Nevertheless, the relation of the Sēnmurw to the xᵛarnah is undeniable. It is already present in the Avesta, and it is so in the Šāh-nāma. The feather is offered to Zāl as a token of the Simorḡ’s farr: since in Ṭāq-e Bustān the Sēnmurw does not occur in the investiture scene, it was probably not an exclusively royal symbol, but a more general one of good fortune.
We do not know how Ferdowsi, ʿAṭṭār and other Islamic authors visualized the Simorḡ. In the much later manuscript illustrations he/she is not a composite animal, but a fantastic bird (cf., e.g., Welch, pp. 125, 127).
It is rather obvious that the classification of the Sēnmurw as a bat is a rationalization, as Trever (p. 17) has pointed out, and that it derives from the representation in art. Once this image was adopted there arose the desire to find a model for it in nature, and the bat offered itself because of its resemblance to a dog and a bird. However, the images do not show the wings of a bat, but those of a feathered bird, and the peacock-tail does not fit either. We may speculate about the elements of this rationalization as follows.
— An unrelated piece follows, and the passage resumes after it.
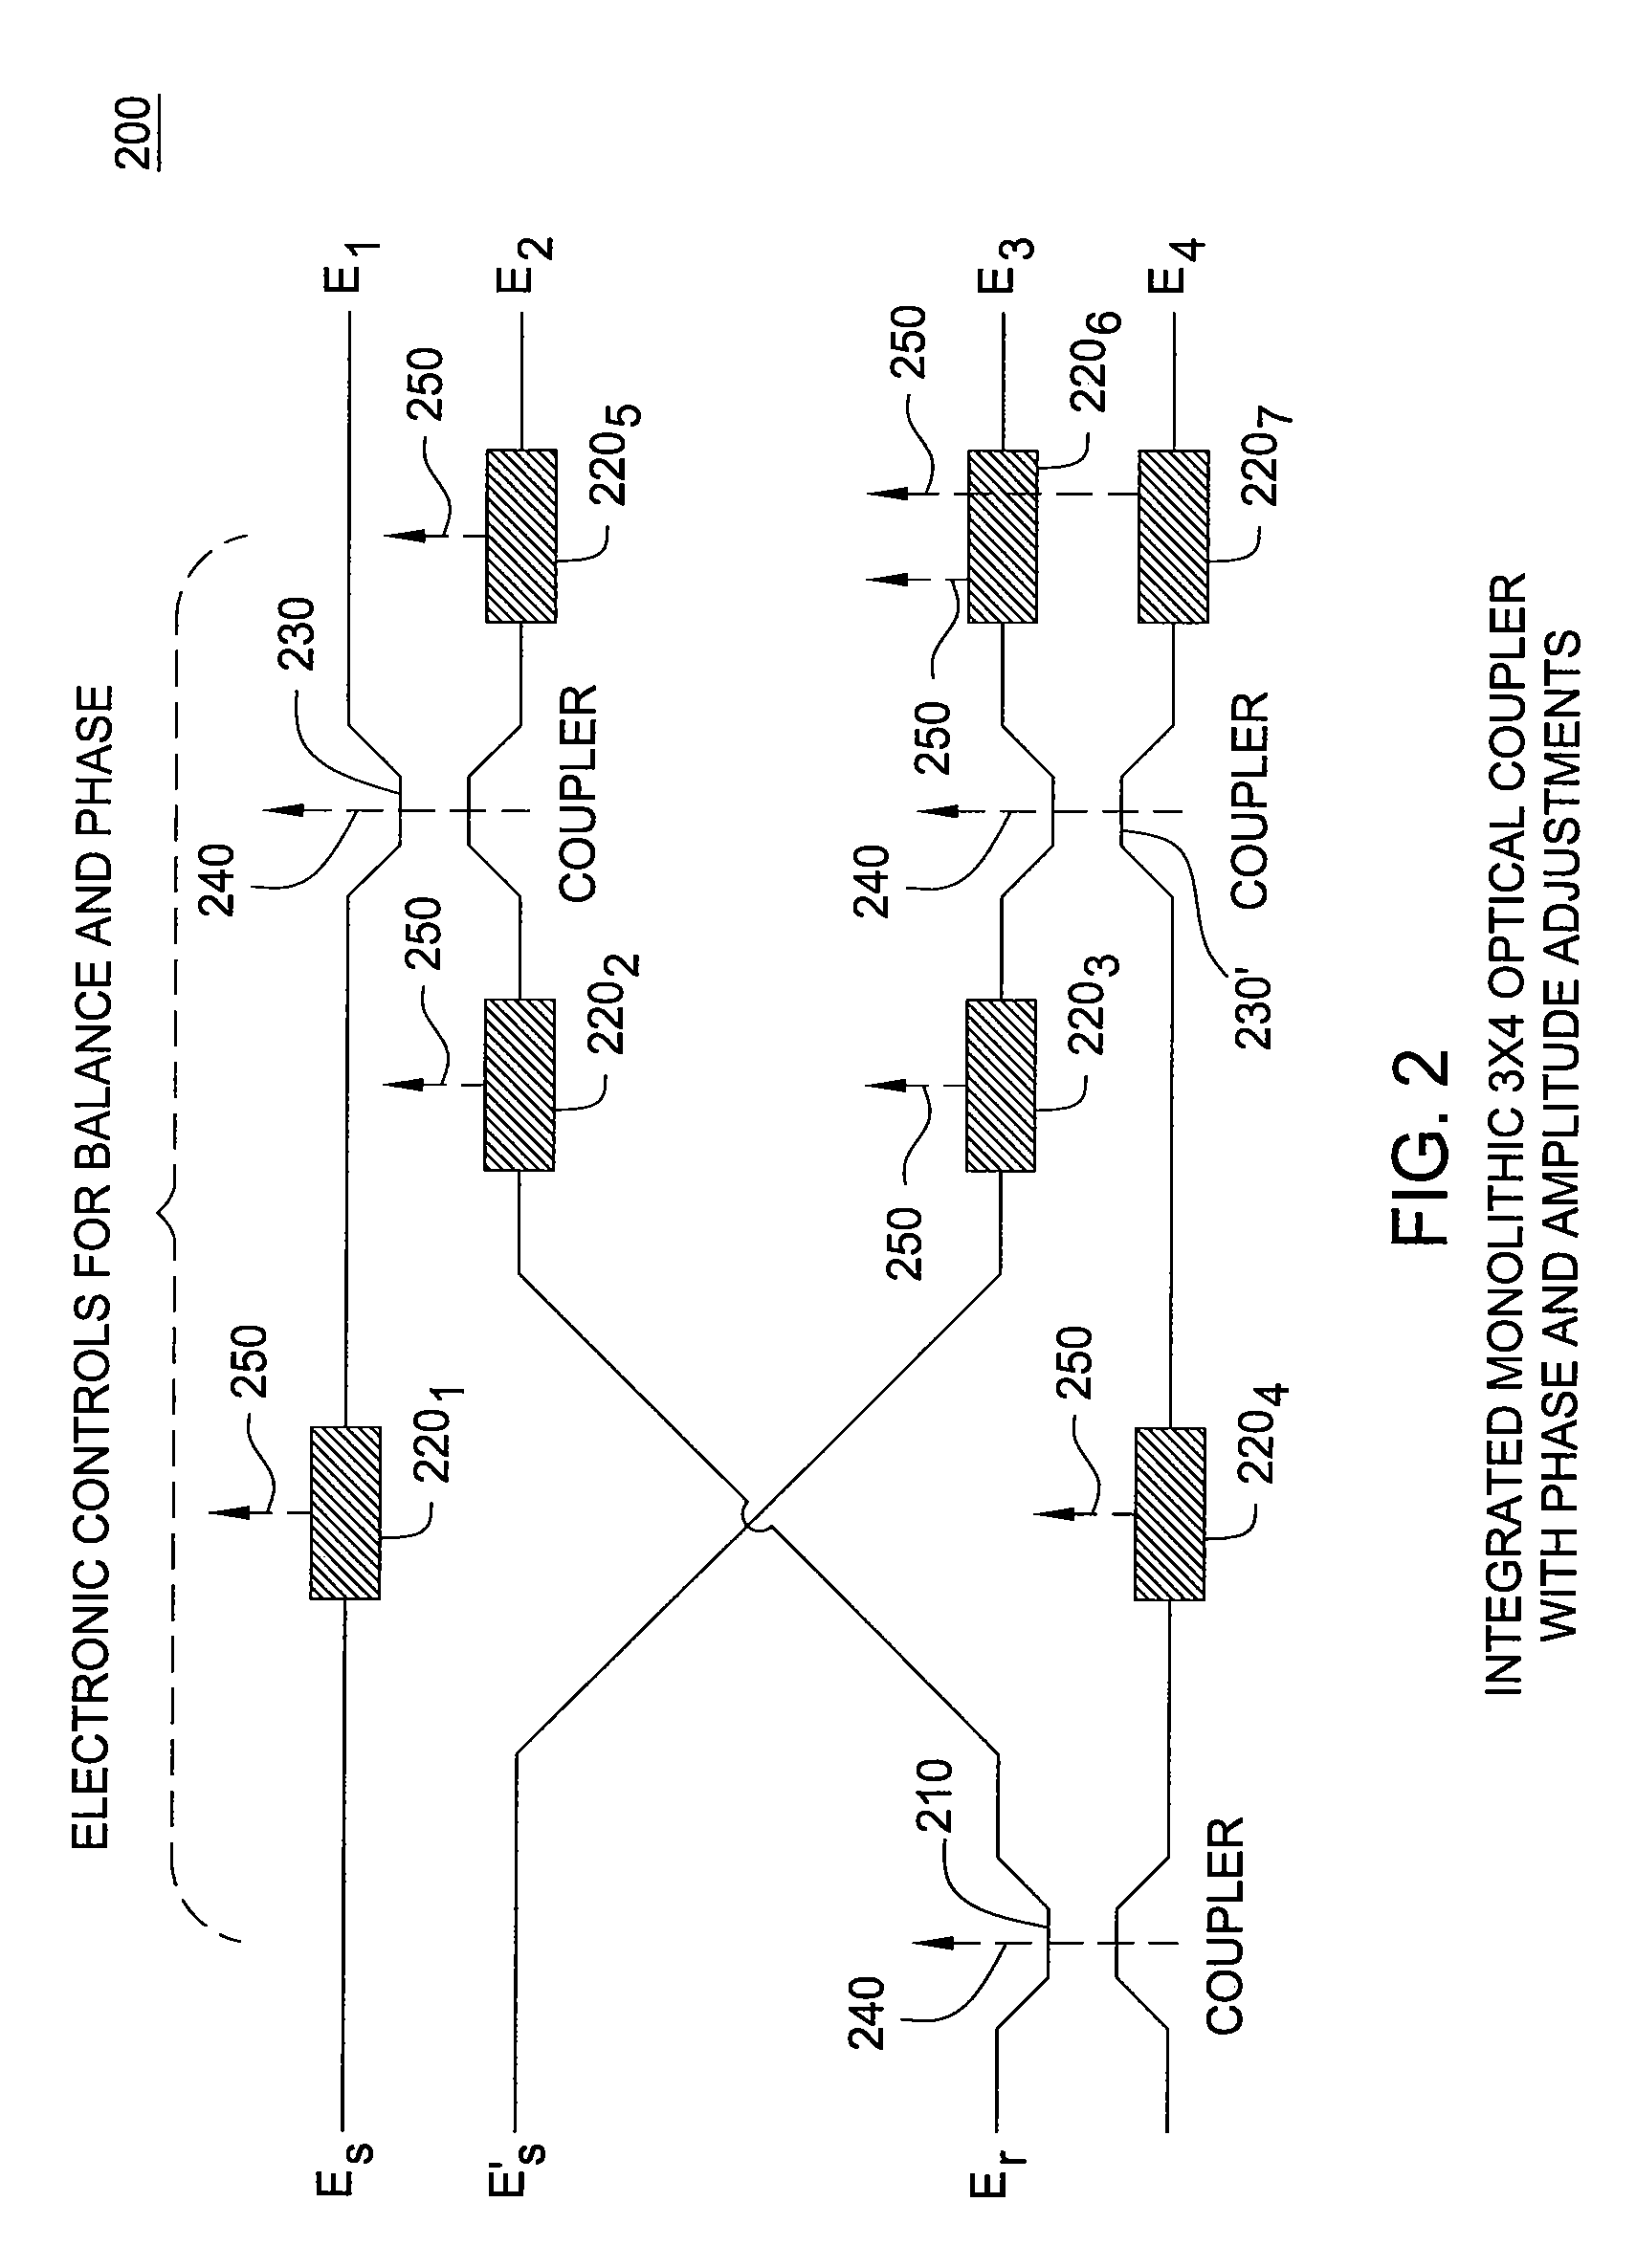 Balanced optical signal processor

The dispersal of the seeds of plants is characteristic of the fruit-bats (cf. van der Pijl), indigenous to the south of Iran: they carry the fruits some distances from the trees, chew them up and spit out the seeds. They generally live in trees, but one species, Rousettus, dwells in caves like the more common insectivorous bats (Slaughter and Walton, p. 163). Some species of bats have scent glands (Yalden and Morris, p. 200), which may have led to the connection of the Sēnmurw with the muskrat.
The dog component could be interpreted by the Sēnmurw’s close relationship to the “Dog star” Sirius, i.e., Tištar, the brightest star of the constellation Canis Major, assuming that the Latin name was known. In support of this may be quoted theRivāyat of Hormazyar Framarz (Dhabhar, p. 259) where the dog Zarrīnḡoš ‘Yellow-Ear’, who is obviously identical with the dawn-yellow-haired chief of the dog species (Bundahišn XVII 9), chases away demons and is the guardian of the body of Gayōmard. He keeps watch near the bridge of Činvat that leads to paradise. He who feeds dogs will be protected by Zarrīngōš from the demons even if he is otherwise fit for hell. The demons will not punish him, out of fear of Haftōrang, Ursa Major (the Great Bear), who guards souls fit for hell. Thus the whole scene is projected to the firmament, and Zarrīngōš will represent Canis Major. The source is late (17th century), but the function of Haftōrang is attested much earlier (Mēnōg-ī Xrad 48.15), and the whole may well represent an old tradition. On a Sasanian stamp we possibly have Gayōmard=Orion with a dog=Canis Major (Brunner apud Noveck, no. 61). When the Simorḡ carries her protégé to the netherworld and back, this is related to the well-known function of the dog as psychopompos.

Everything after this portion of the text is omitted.